As an agency, it’s a question we’re often asked.

The answer is not about personal preference, but should be contemplated based on the business opportunity it creates.

A golf-centric social media channel can certainly be a highly effective (and lucrative) marketing channel, but it needs to be clear, defined and highly targeted.

The first question should be – what do you want to achieve?

Very often social media activity is scatter-gun at best, seen by many resorts as a ‘nice-to-have’ rather than an essential touchpoint to drive new business. Having golf-specific social media channels undoubtedly works, but there has to be a plan and a clear strategic route-map detailing what you are aiming to achieve.

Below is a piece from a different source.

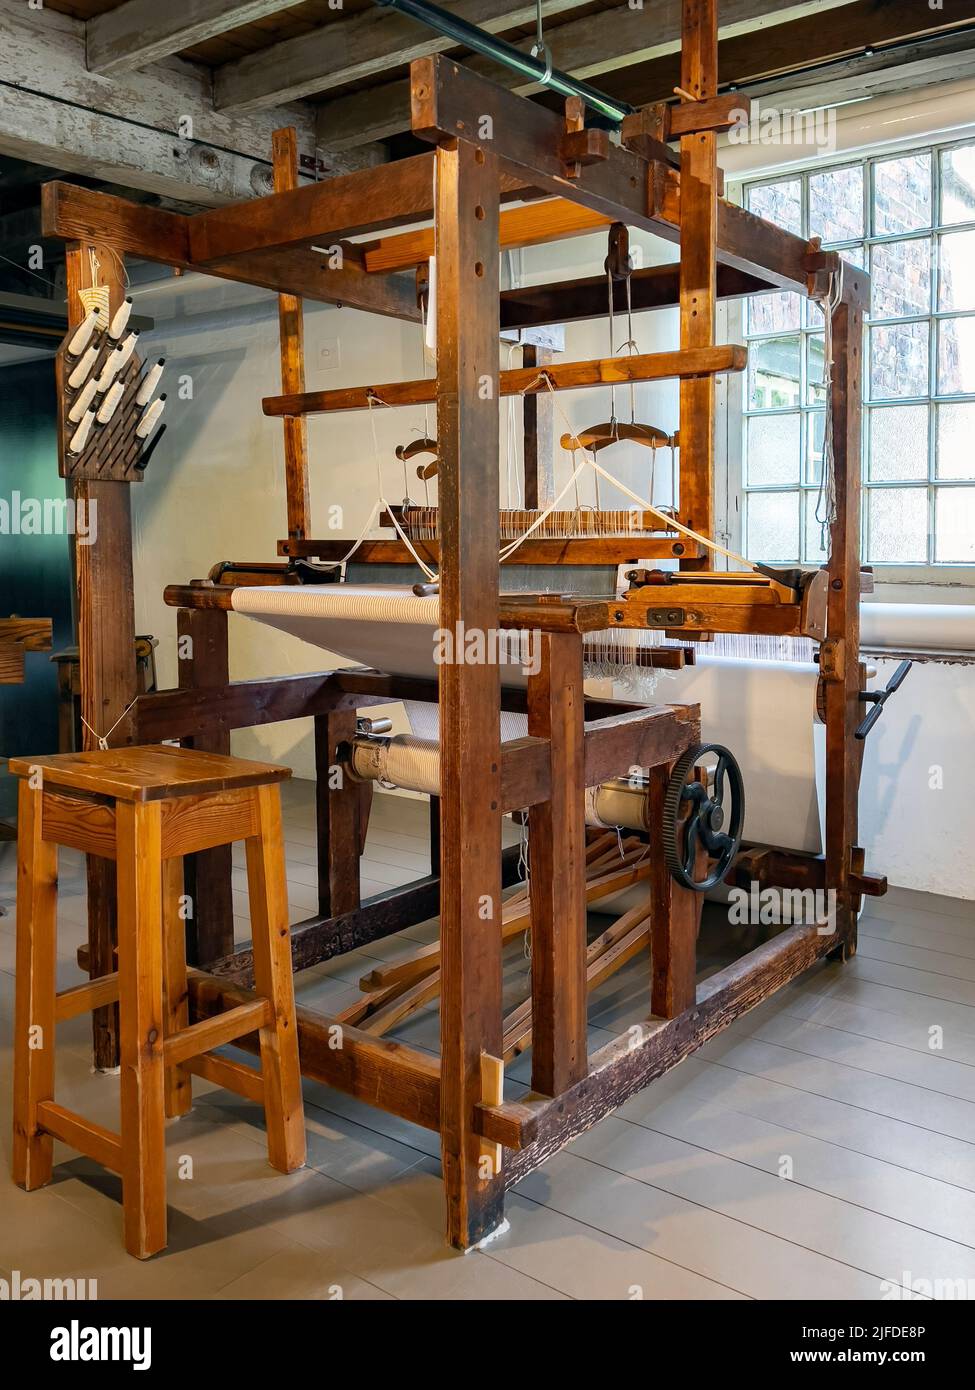 A simple hand-operated loom. A loom is a device used to weave cloth and tapestry. The basic purpose of any loom is to hold the warp threads under tens Stock Photo
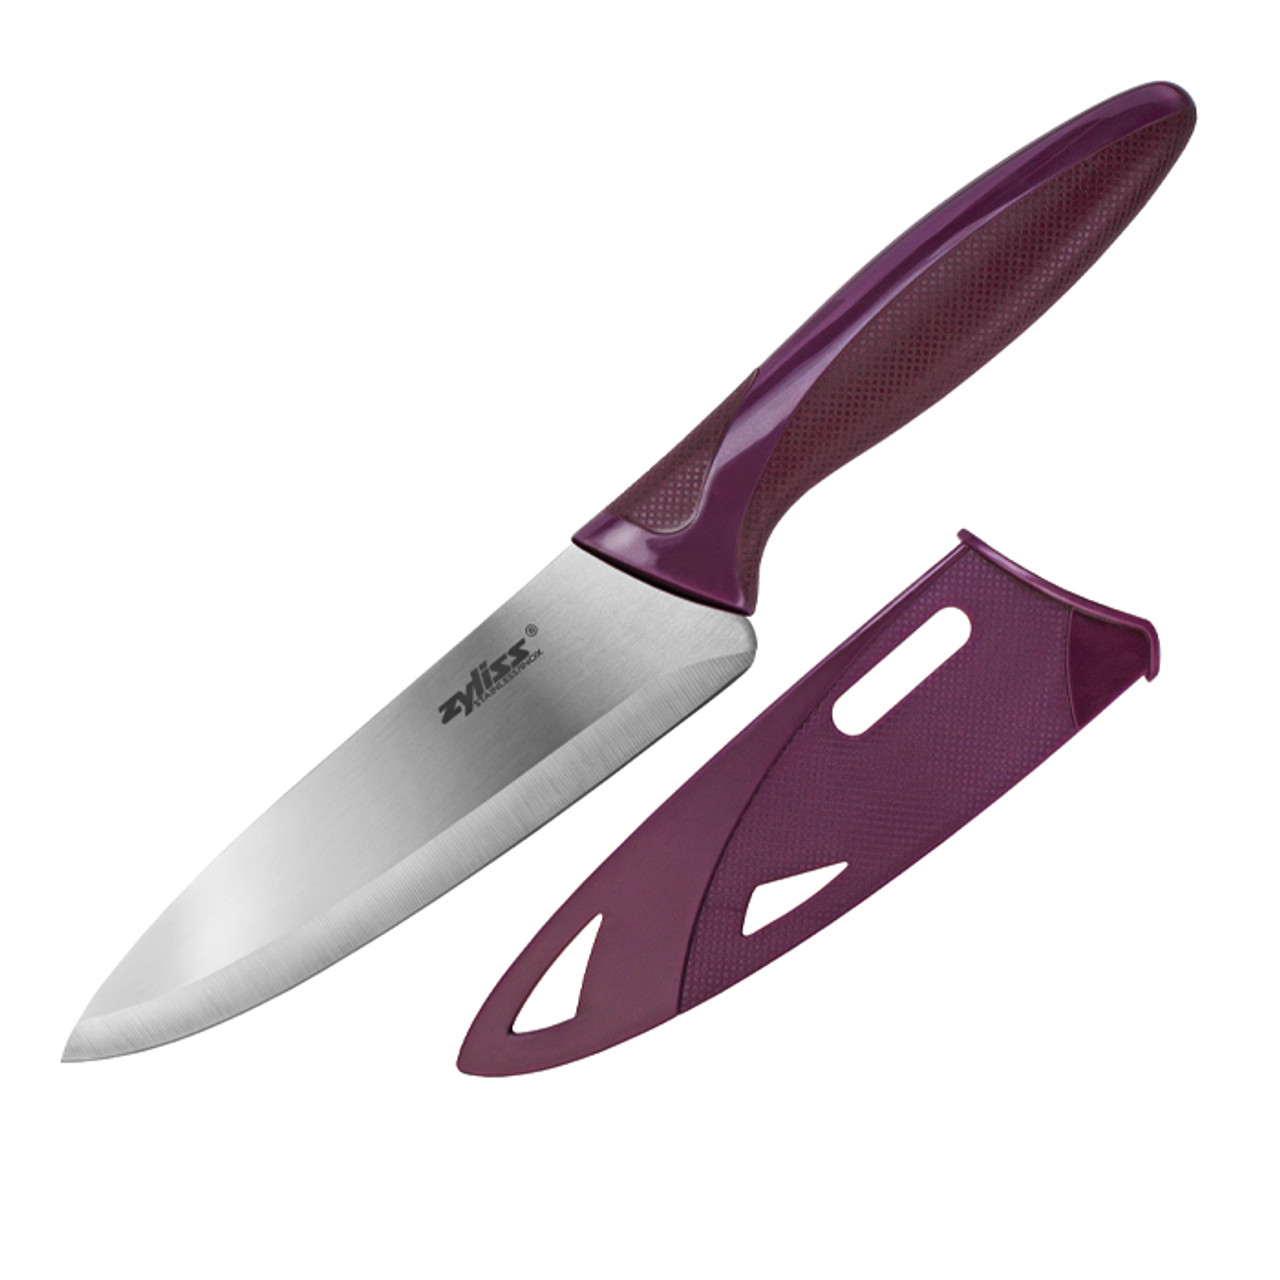 3 Piece Knife Set with Covers

The Grove near London is a great example of a resort that has carefully considered its social media footprint and created specific channels for golf audiences, which is now driving engagement, loyalty, advocacy and, ultimately, new business.

 

A few tips and examples to consider:

#1 ­– Be a visual storyteller

Creative captions do not always do the trick on social platforms. Visual storytelling tactics will enable brands to capture and hold the attention of their audience for longer, especially on Instagram, and social media algorithms will tend to prioritise these posts, too.

The Grove focus on mixing up the type of content posted by using an array of imagery and videos to ensure they stimulate, and ultimately engage the audience.

#2 – Be consistent

Brands should create consistent and regular content. Each post should be of a quality that mirrors the brand positioning and should contain relevant information that their audience will care about.

Benchmark the quality of your content, and stick to it.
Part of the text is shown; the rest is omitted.